Not so. I've recently"learned" how to get myself in a sort of trance state (or at least some other sort of concentrative place) in order to paint (or paint the way I see fit), but this isn't enough. The knowledge that comes with repetition still lacks here. I feel as though I'm close-really close to where I want to be, but each work is still a hit and miss proposition.
In speaking of wanting to get past this chancy "state", there's also a notion that this-right here right now-is where any artist needs to be. In a place of doubt, unsureness. So the fact that the hand does not perfectly correspond with the brain, even if this is a transient state, may be the answer. This is a place lacking in perfection, but filled with raw intent...

Sunday, May 31, 2015

Re discovery

I just unearthed about 200-or is it 300? paintings on paper from the period of about six months before I was out of my house (and first marriage) till the time after my folks died.

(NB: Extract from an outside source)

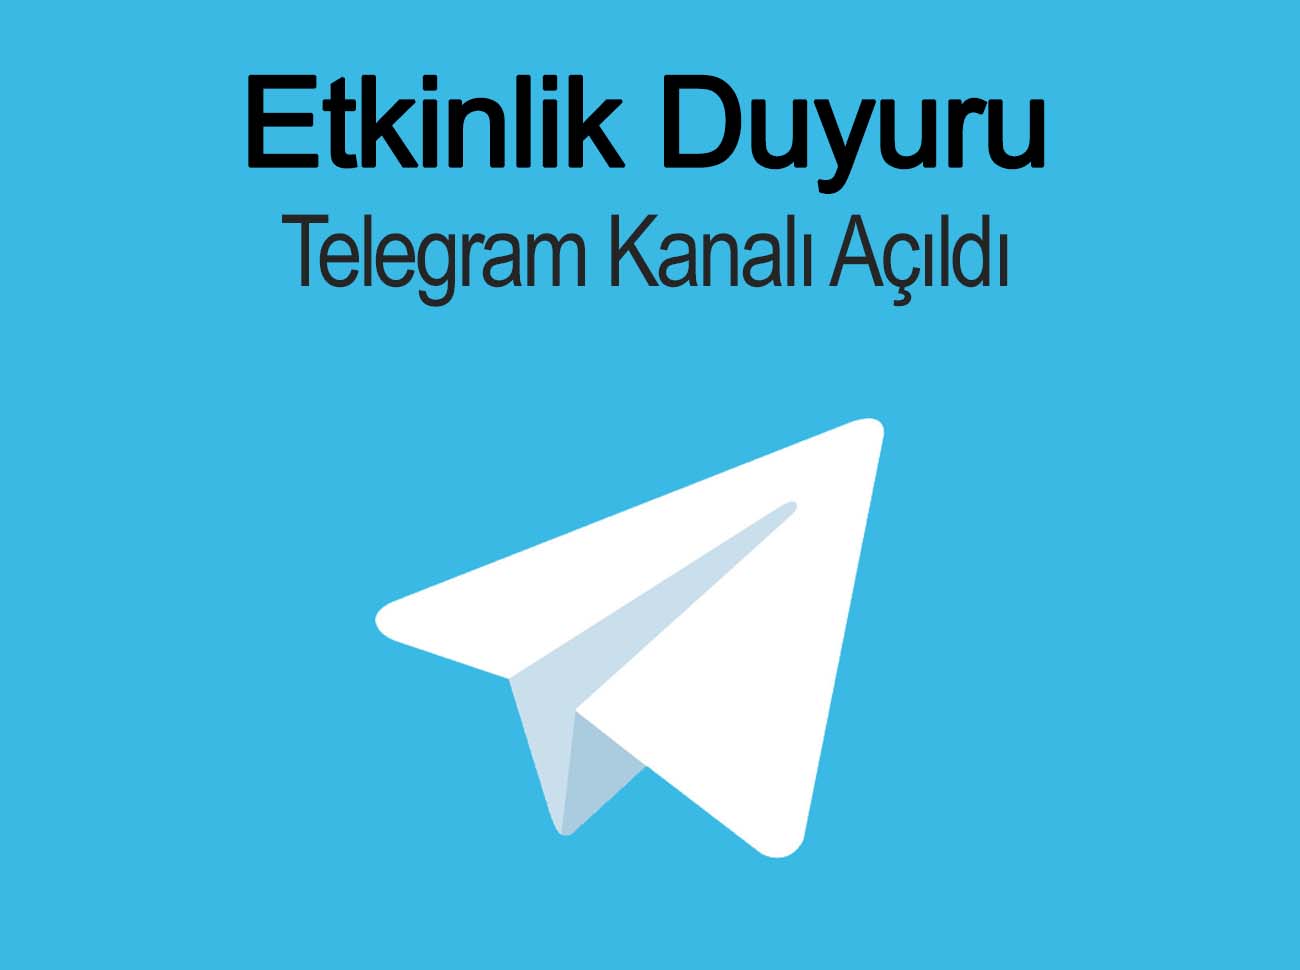 Etkinlik Duyuru Telegram Kanalı

Lotsa work, all "off topic" in the sense that this stuff little resembles my sculptural work from the time.
Considering I'm painting again (several years later, after a notable hiatus) makes me wonder just how I've been avoiding it for so long.
Looking at all these paintings afresh is like opening a box of hidden goods, which might as well be treasure for me. You may have guessed that, for the most part,  I'm not unhappy with these works.
I'd like to clap my hands and have them all documented and in other people's hands, but this will not happen by itself. The reality: a lot of photography and mounting ahead. The reason: I don't want to deny that these paintings exist nor leave their care up to whoever is left behind-especially Laura…
Time to show them and possibly sell a few…Below are two examples -they measure 10.5" X 13.75", which is the size of the watercolor pad from which they were painted.

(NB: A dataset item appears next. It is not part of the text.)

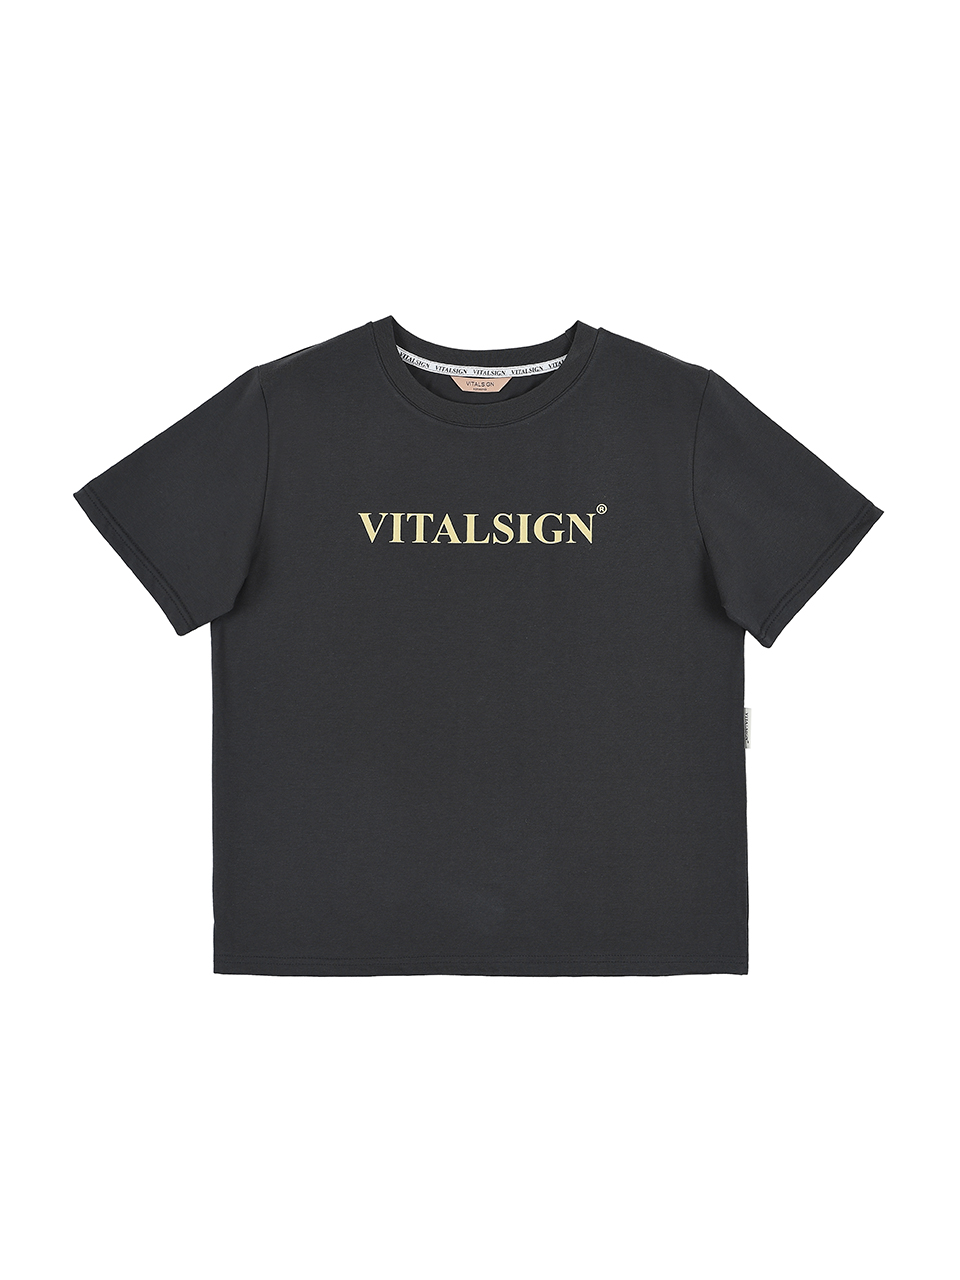 Vitalsign Signature T-shirt (Charcoal)

Saturday, February 7, 2015

Here's what

Two (ok, three) thoughts:
Reading quite a bit-and all of a sudden have a greater interest not only in procuring books, but in actually reading them.
Middlemarch-ypu, it's taken me a lot to get started with this Victorian novel-which some consider one of the finest books ever written-and i am engrossed in it and almost don't want it to end…this surprising, as for quite a while I checked my progress via the bookmark's trudging through the pile of pages.
I'll begin-once again-The Recognitions-the William Gaddis book, which is another monster which  promises the same sort of conclusions and sense that Gravity's Rainbow held for me (NOT-I never have yet finished that one).
Roberto Bolano lost me with his Primitive Detectives story and I've been swamped even by many short stories-dunno what accounts for this most recent interest in sitting up straight by a good strong light and giving myself to another's narrative.
I'm so fucking disillusioned with my art and the art "world" and what is considered good lately. No, i know I shouldn't be: I'm too damn old and "wise" (or is that wizened?) to mistake that path… how, at this age, could I see it laden with jewels as opposed to the reality, which is to know that it's laden with blood and body parts. S'pose I tired of  the self-admonition this week (Shut up and keep working) and demanded to know why the hell nobody even casts a glance at what i'm doing. Some days it really all is one big joke.
Writing this in order to prime the pump and start writing again- suffering in silence is for the birds and why not turn these black thoughts into words, paragraphs, letters? I still believe that anger is an energy.